Provided data:
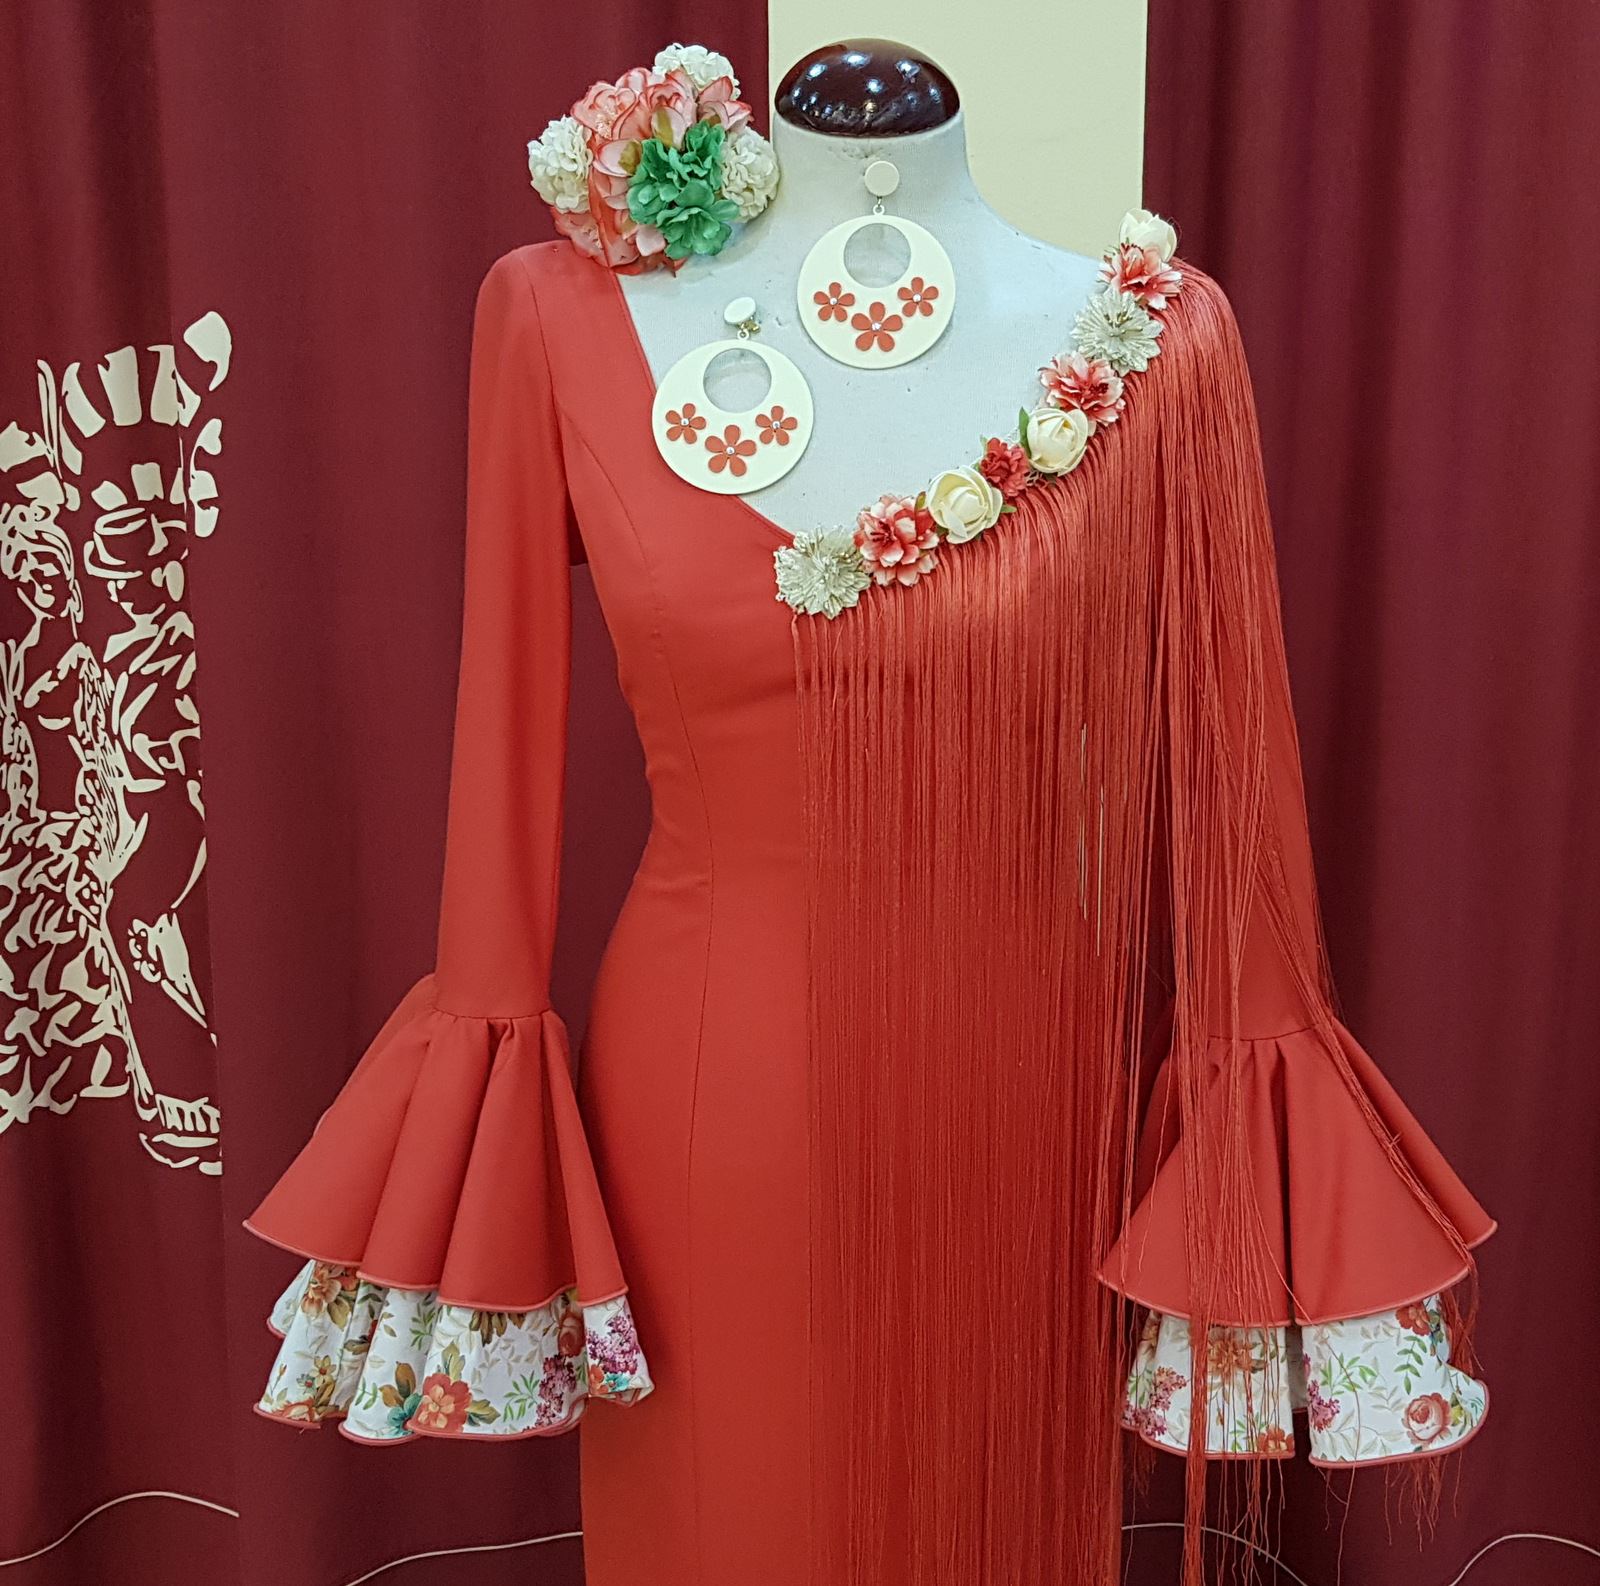 Vestido Flamenca Señora - Modelo Albero Rojo - PEDROCHE GITANA Y
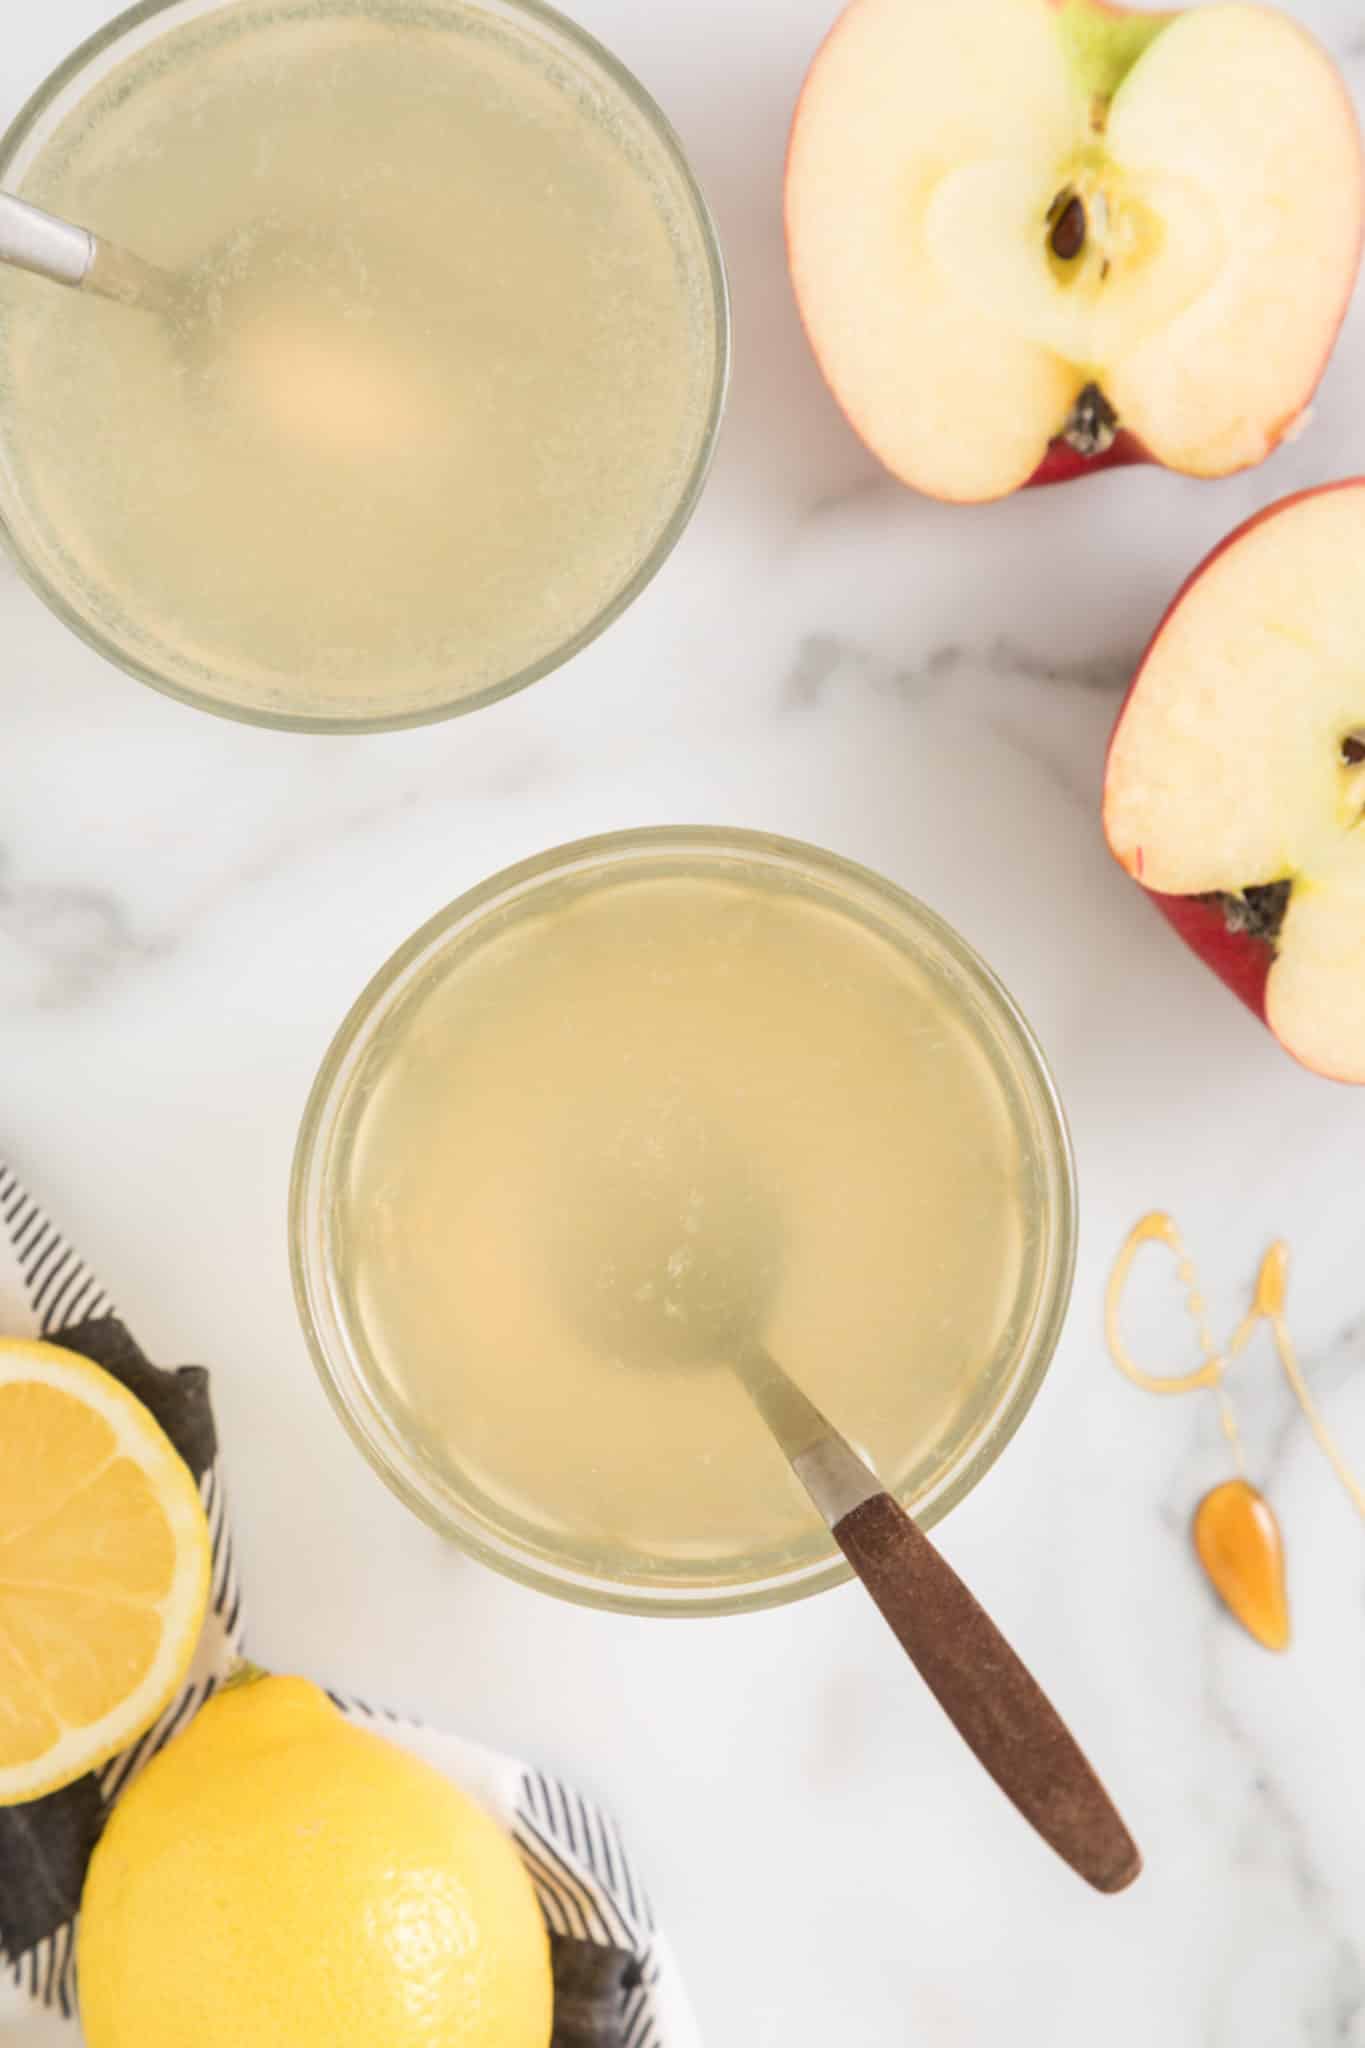 Spoons in glasses of apple cider vinegar drink.
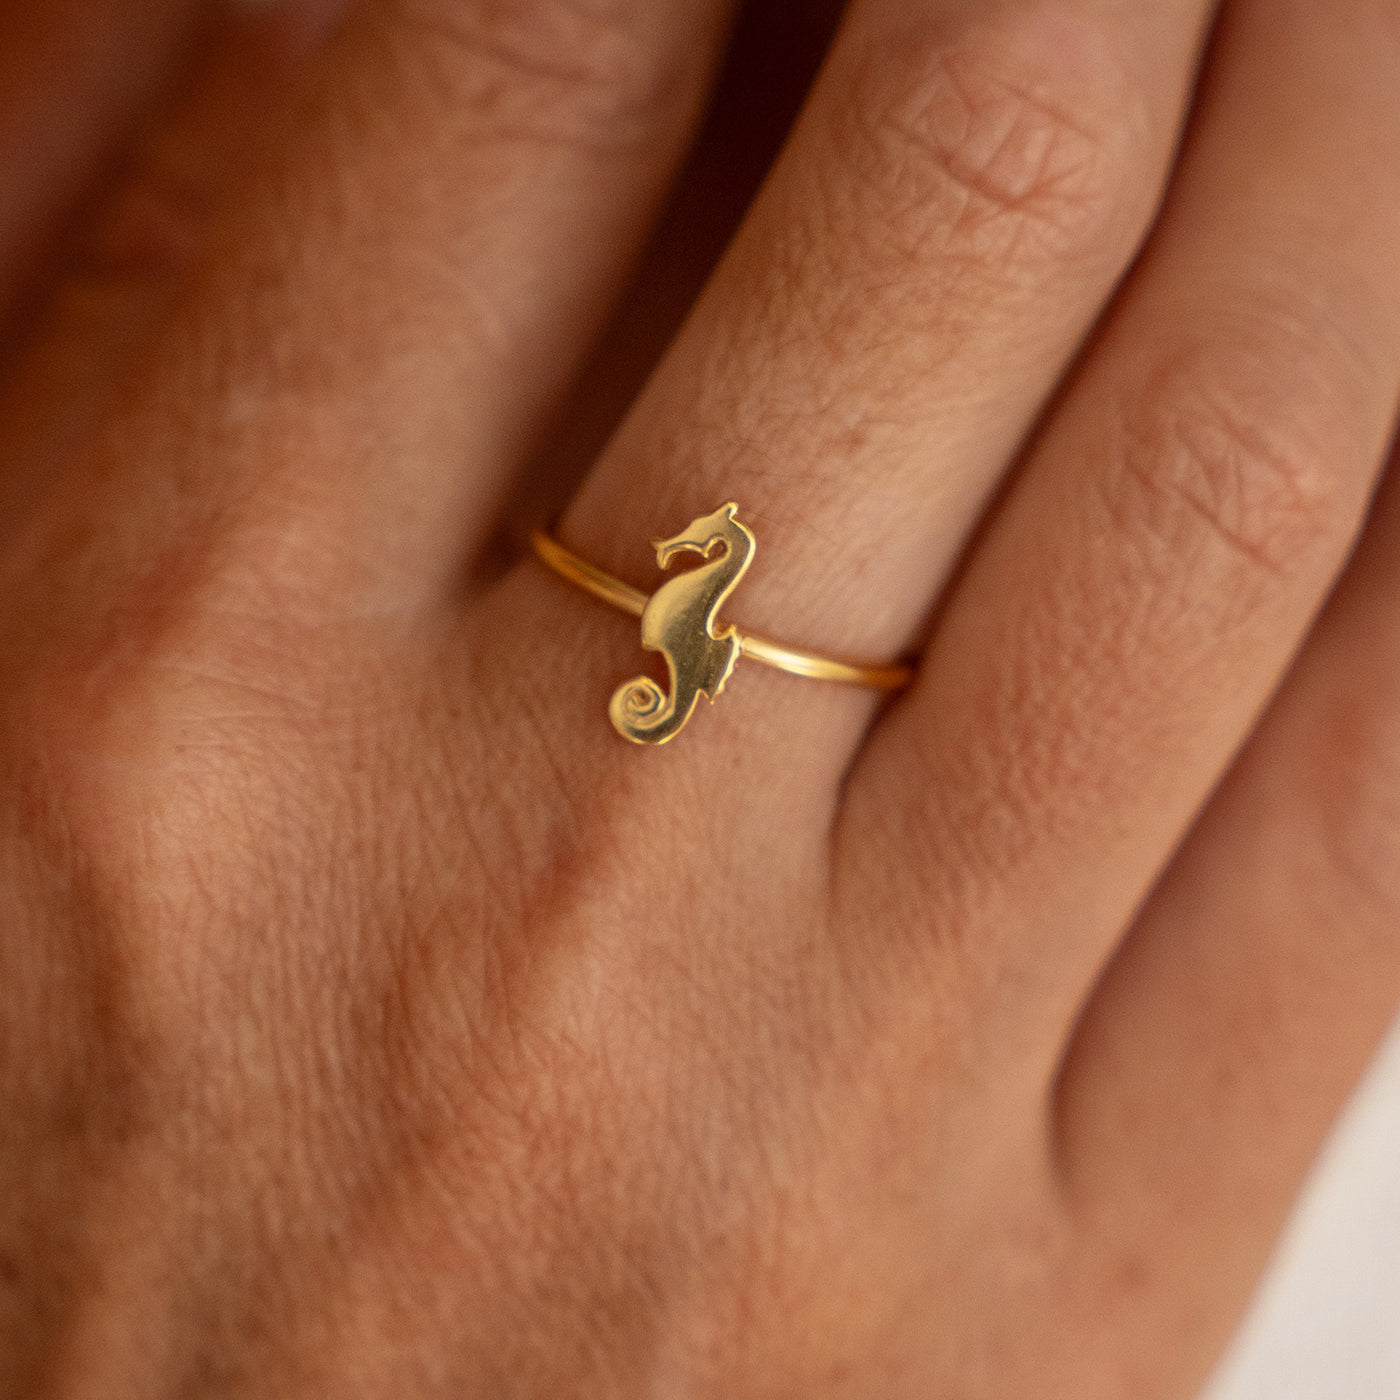 Golden Seahorse Ring

What is required: Would you give the material back exactly, minus the pictures?

Finished task:
 Vestido Flamenca Señora - Modelo Albero Rojo - PEDROCHE GITANA Y
 Spoons in glasses of apple cider vinegar drink.
 Golden Seahorse Ring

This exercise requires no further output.